- _MATERIAL FOR THIS EXERCISE_
———

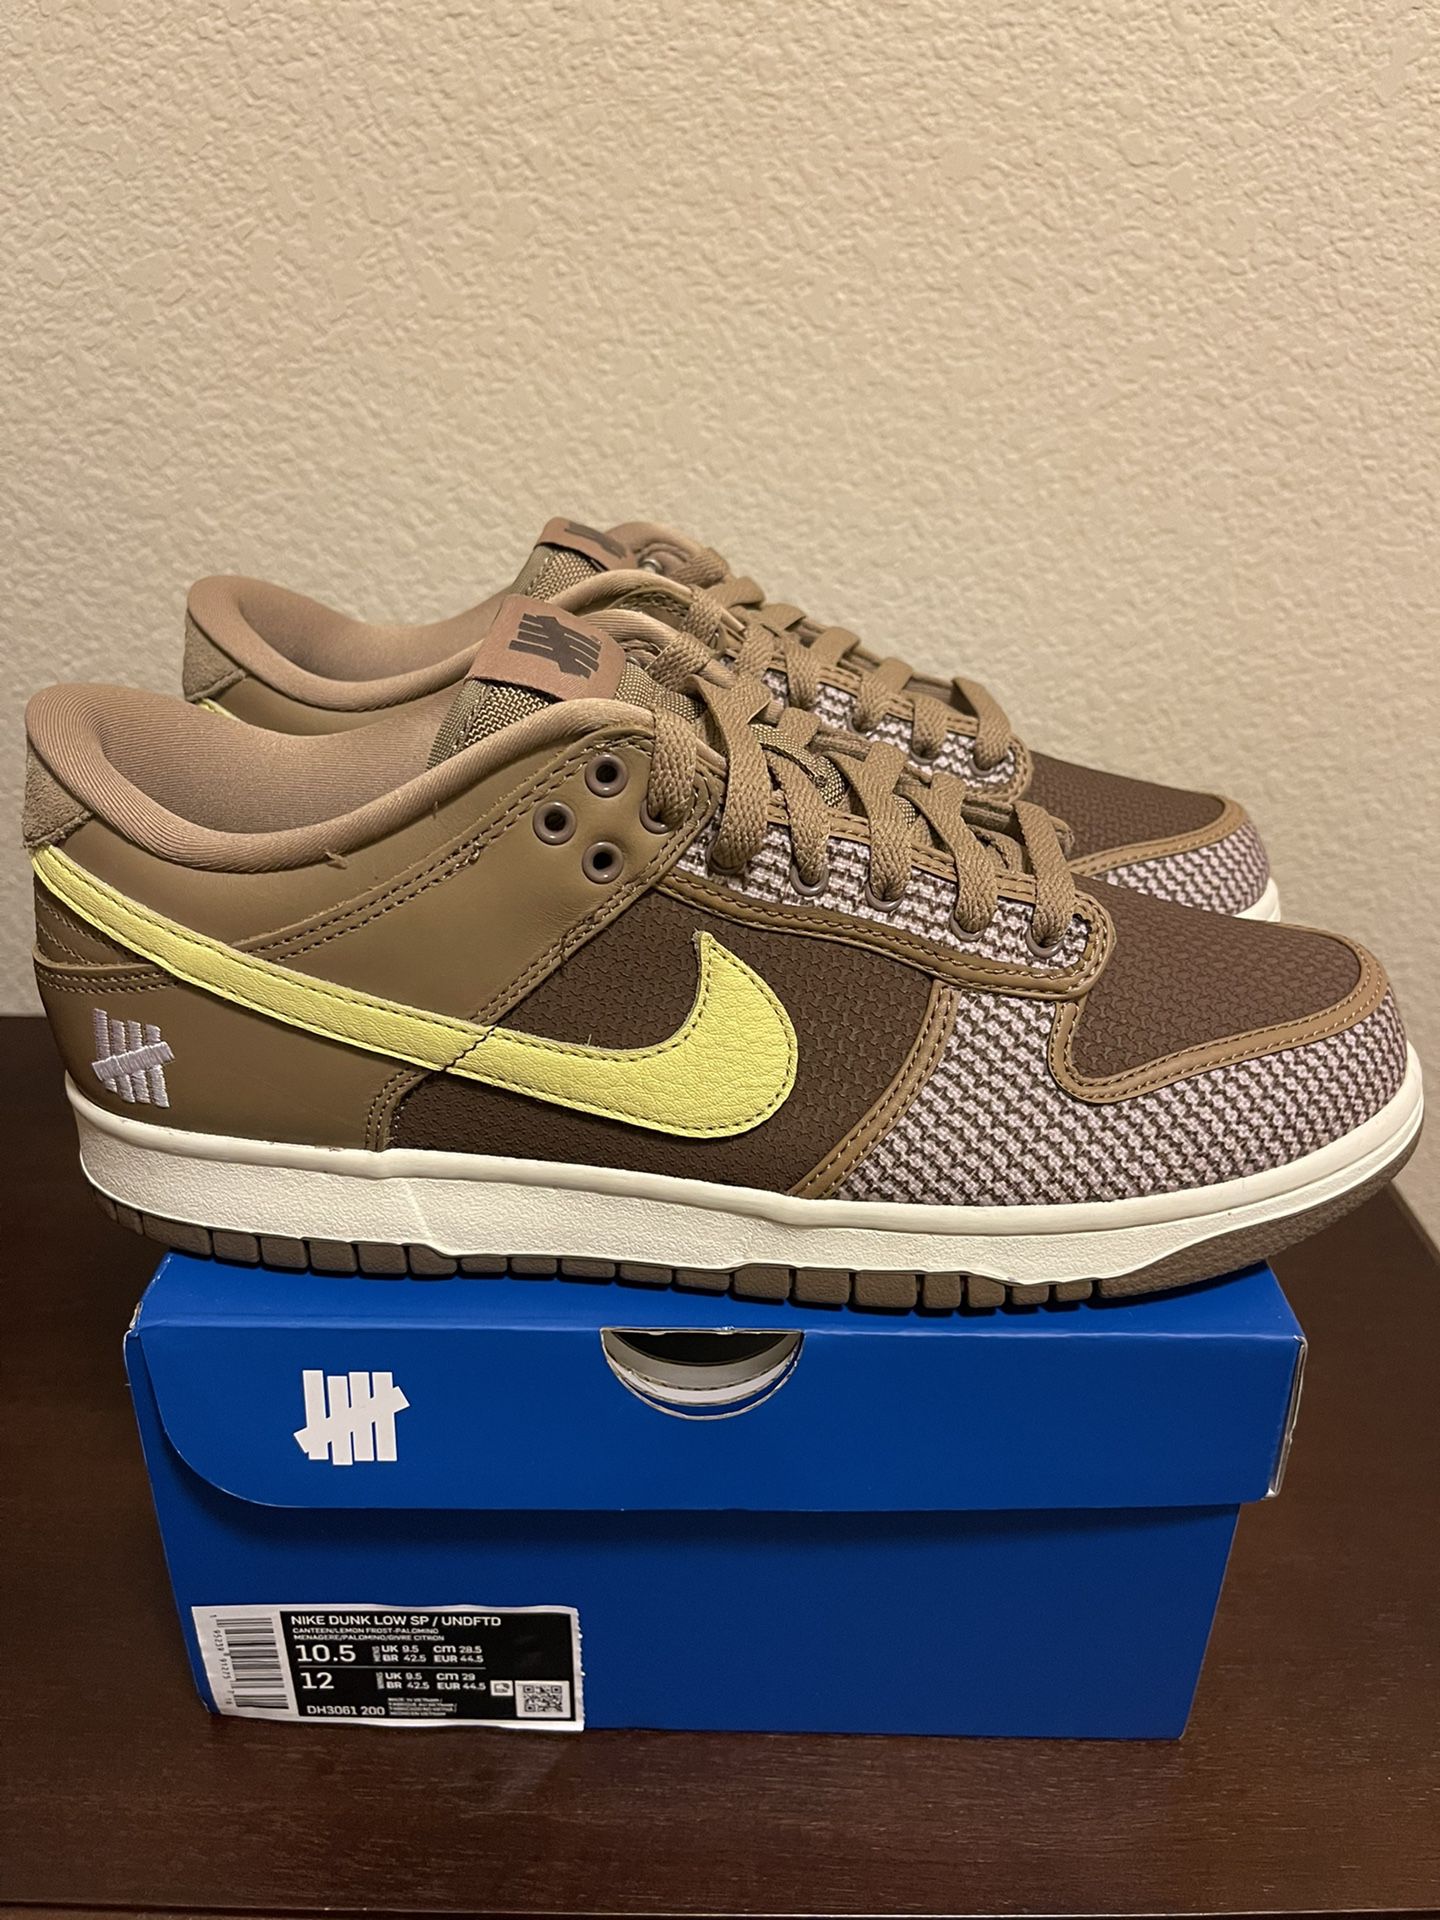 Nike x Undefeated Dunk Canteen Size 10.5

———

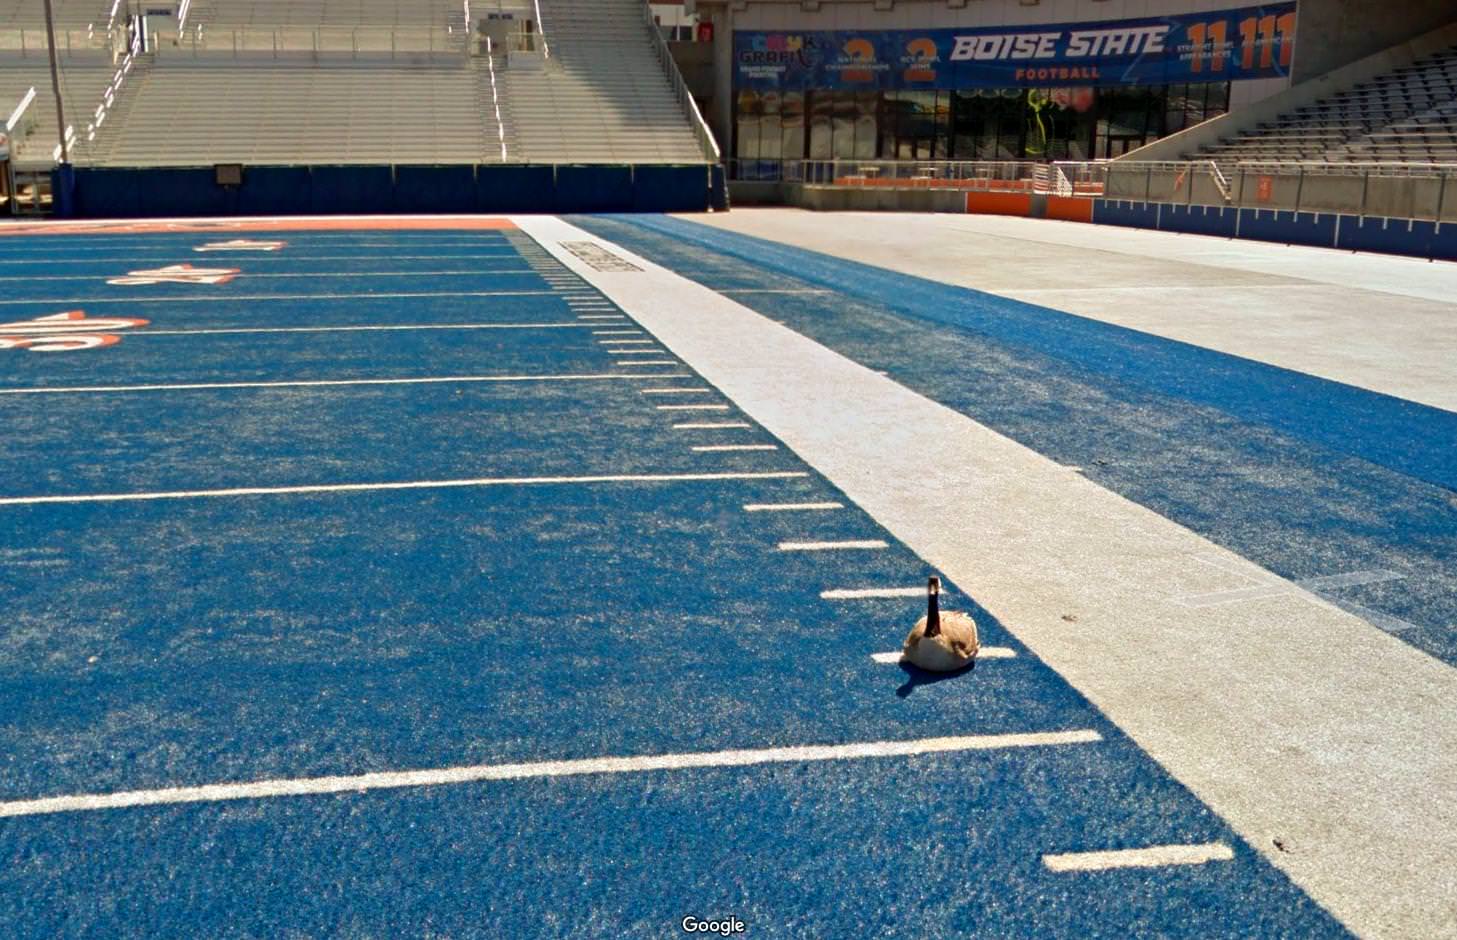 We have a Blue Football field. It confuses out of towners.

———

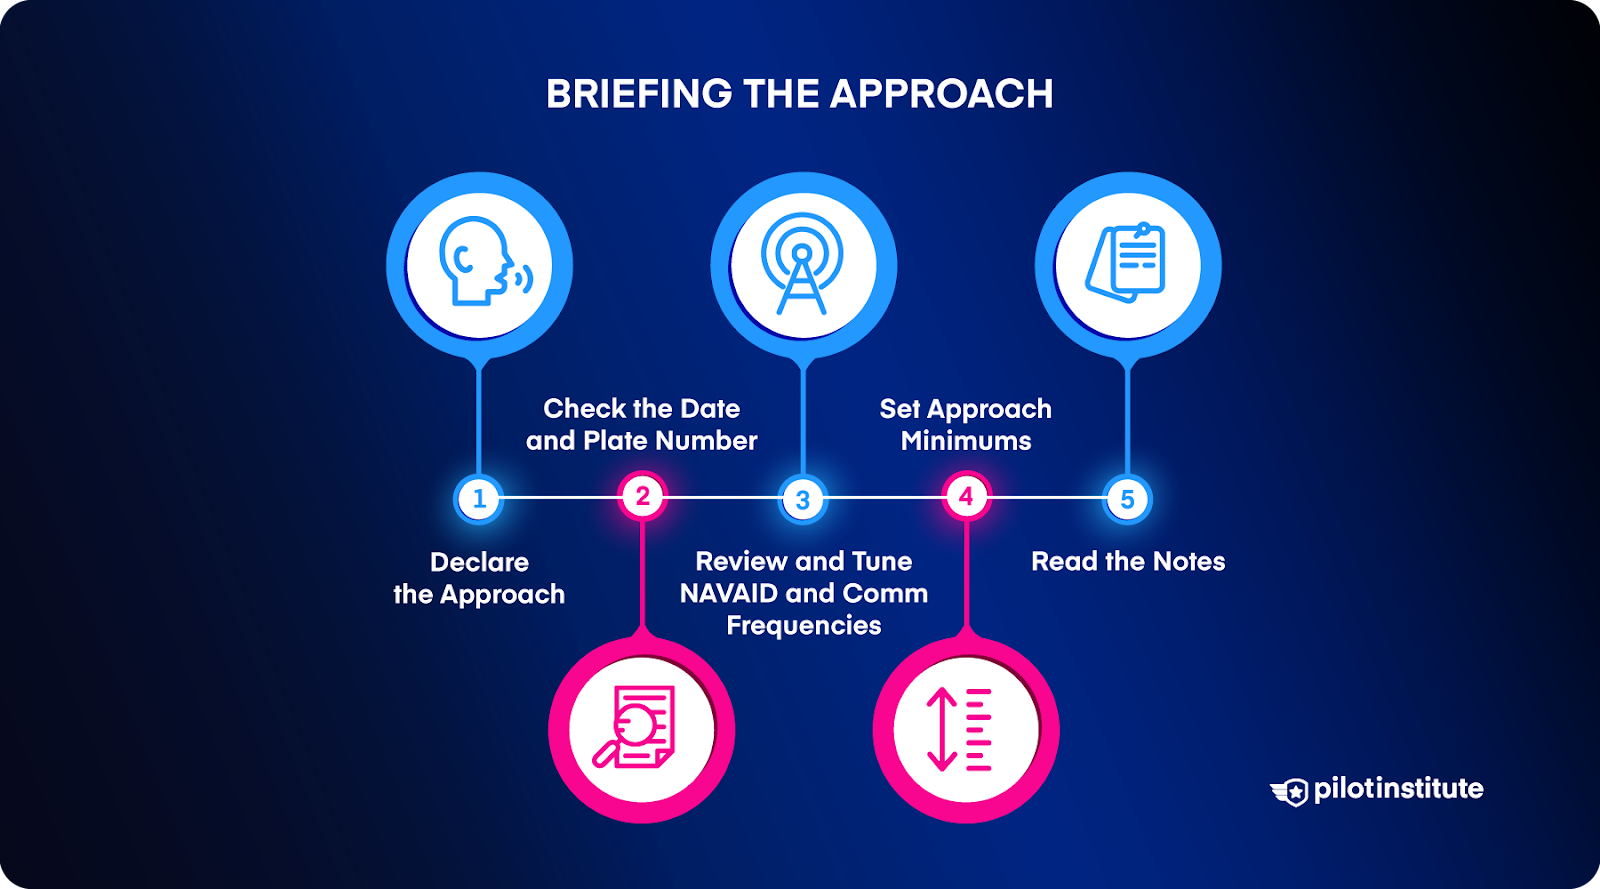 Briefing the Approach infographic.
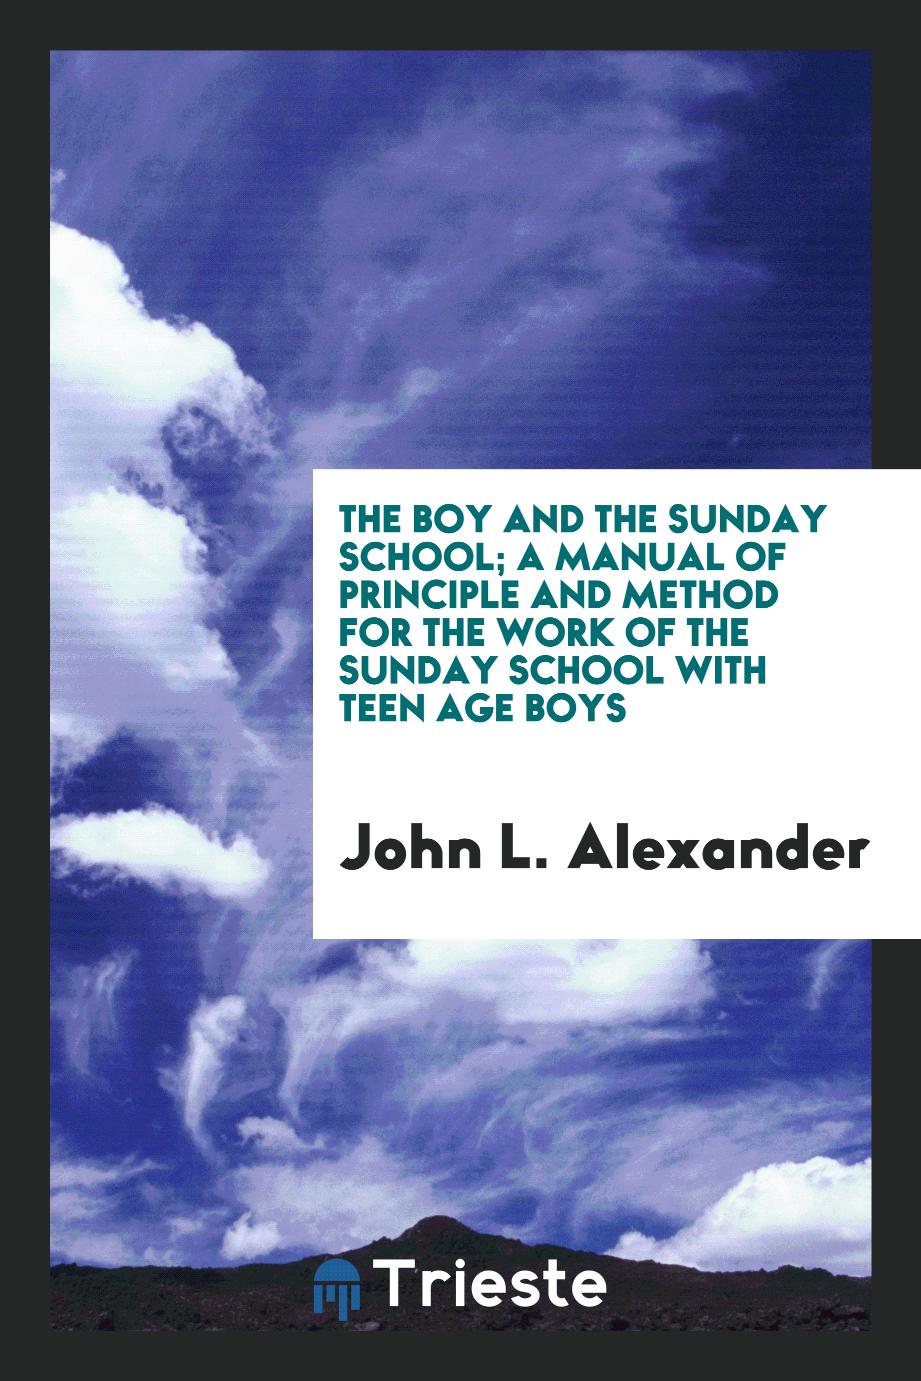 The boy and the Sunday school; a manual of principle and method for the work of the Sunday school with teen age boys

———

- _ABOUT THIS EXERCISE_
Repeat exactly the stretch of the listing above that starts with the line holding "Briefing the Approach infographic." and finishes with the line holding "The boy and", both included. Skip every picture.

- _TASK OUTPUT_
 Briefing the Approach infographic.
 The boy and the Sunday school; a manual of principle and method for the work of the Sunday school with teen age boys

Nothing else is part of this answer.